In terms of weaknesses, we cannot assess quality of care, and we are missing data related to costs, readmissions and deaths. The latter are required for data envelopment analysis, which is a more common approach to assessing hospital performance; it is used by 48% of studies (Hollingsworth, 2008). This technique would allow us to understand the ‘complex nature of the relations between the multiple inputs and multiple outputs involved in many activities’ (Cooper et al., 2007). Another limitation is that we are missing inpatient data due to the earthquake. This distorts our results. For example, GIH had a low BOR under S4, but the reality was likely quite different. Finally, our analysis pertains to inpatients at a leading hospital in Kathmandu, Nepal. Readers should keep this in mind when generalizing results to other patient types (e.g., outpatients), in less established hospitals, more rural areas and/or other developing countries.
Future Research
Our results indicate that separation between the CEO and board may promote better performance (except the Pabon Lasso model favors CEO duality under S1 for average LOS among native-born patients). Perhaps more importantly, we provide evidence that more than one analytical approach should be used to assess hospital performance. For example, although the Pabon Lasso model is useful for describing differences, we cannot infer whether they are attributable to management or coinciding factors. This is addressed by the regression analysis, to some extent, and hospitals should collect data on confounding factors (i.e., those related to both hospital management and performance). Hospitals should also consider standardization (e.g., current procedural terminology) to enhance the external validity of the analysis.
Conclusions
The importance of private hospitals in Nepal and other developing countries has been growing in recent years. However, there is limited empirical evidence on their performance, especially as related to management. Our results indicate that separation between the CEO and board may promote better performance, but there is variation by indicator (i.e., BOR, BTR, LOS), patient type (i.e., native-born versus foreign-born) and analytical approach. We argue that, when it comes to evaluating management strategies, private hospitals in Nepal and similar contexts should consider these important differences.
Appendix A.
Ordinary Least Squares Estimates with Alternate Base Groups for Management Strategy—All Patients.
Footnotes
Acknowledgements
We thank Grande International Hospital for providing the data and Dr Chakra Raj Pandey for contextual information and feedback. We also thank Dr Ewa Kleczyk and Dr Mario Teisl for helpful comments.

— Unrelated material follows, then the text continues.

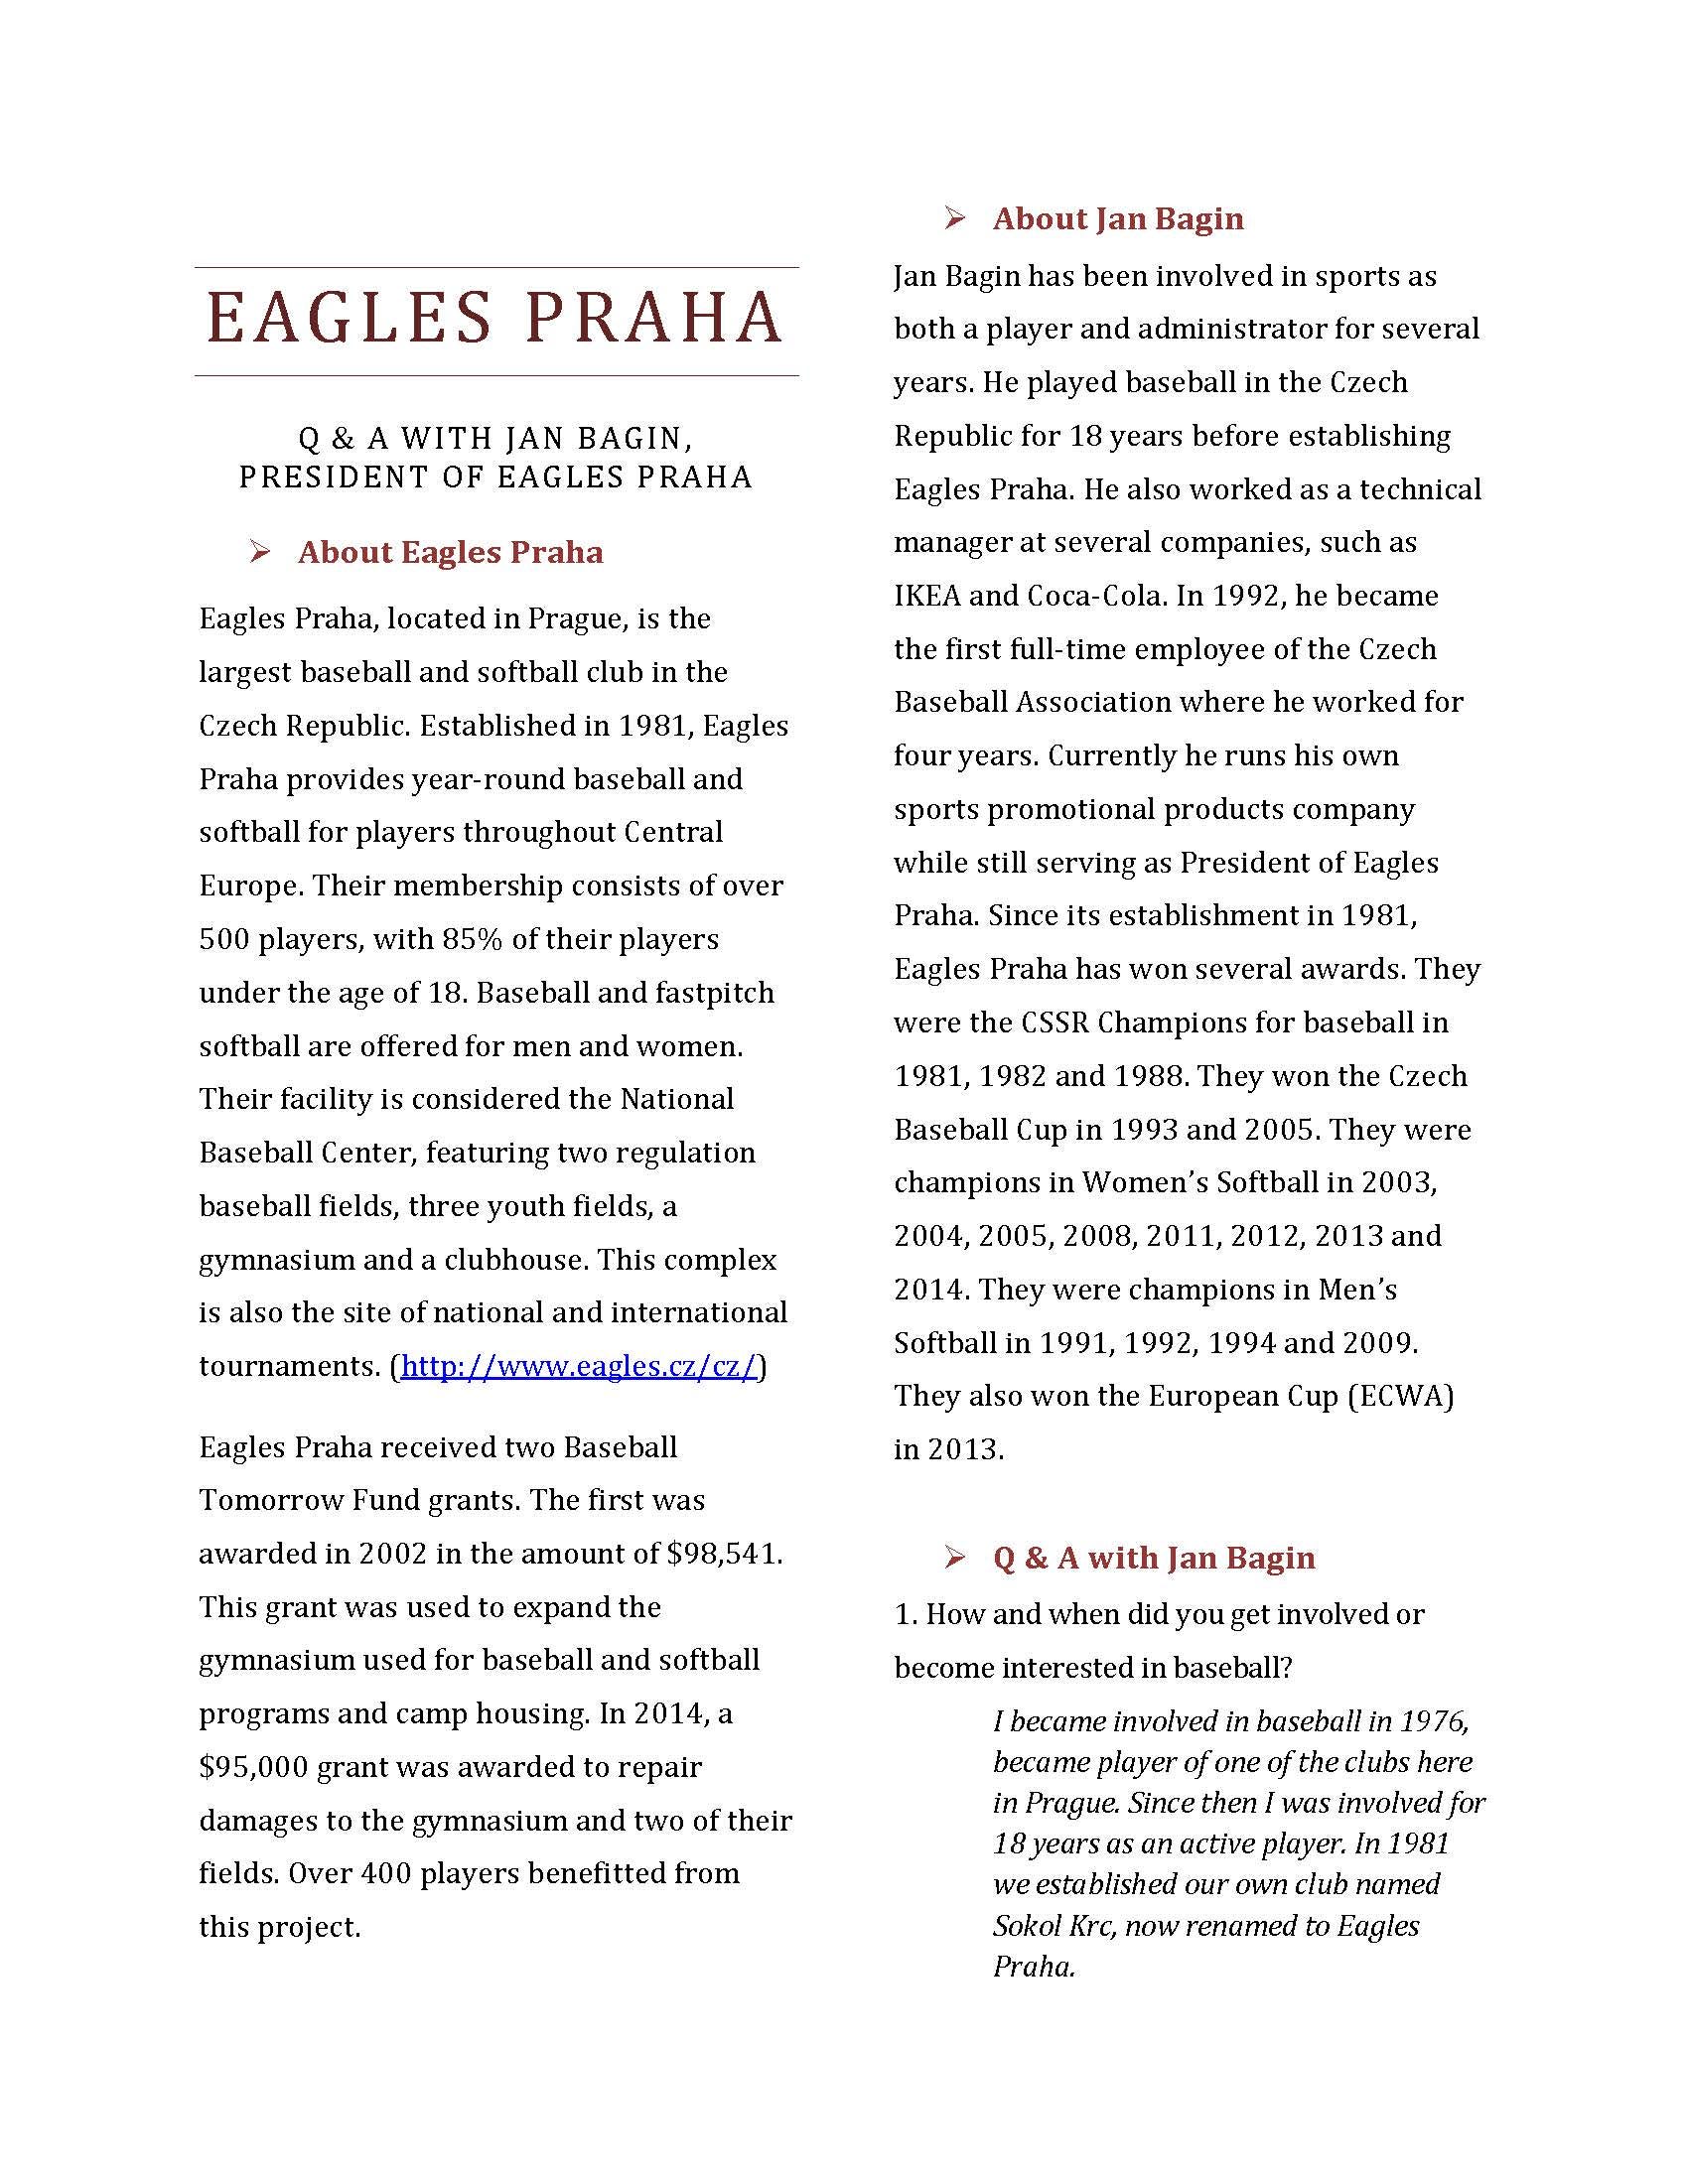 Eagles Praha. From the Grant Recipient Archives | by Baseball Tomorrow Fund  | Medium
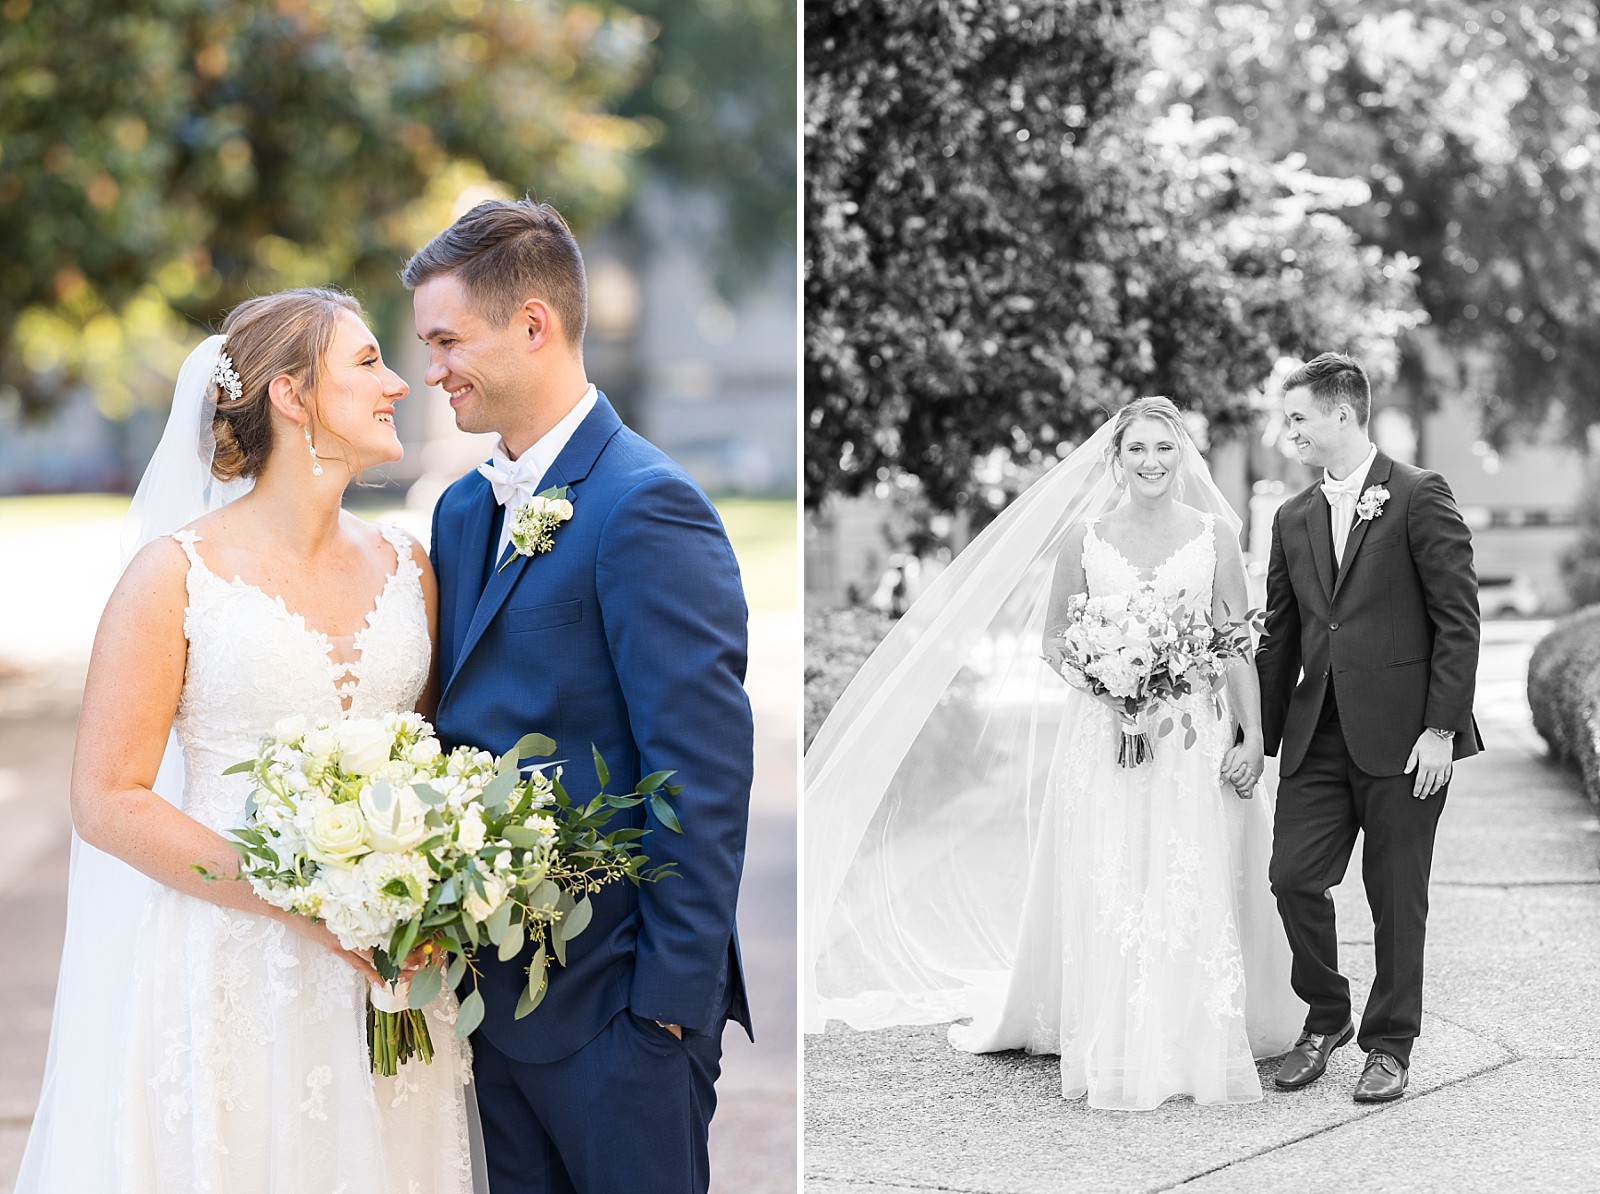 Bride and groom looking at each other | Raleigh Wedding Photographer Sarah Hinckley

Declaration of Conflicting Interests
The authors declared the following potential conflicts of interest with respect to the research, authorship and/or publication of this article: Sujita Pandey declares that she has a financial conflict in terms of stock ownership in Grande International Hospital, as well as a personal relationship with the Medical Director.
Funding
The authors disclosed the receipt of the following financial support for the research, authorship and/or publication of this article: Angela Daley recognizes support from the USDA National Institute of Food and Agriculture, Hatch project 1016011.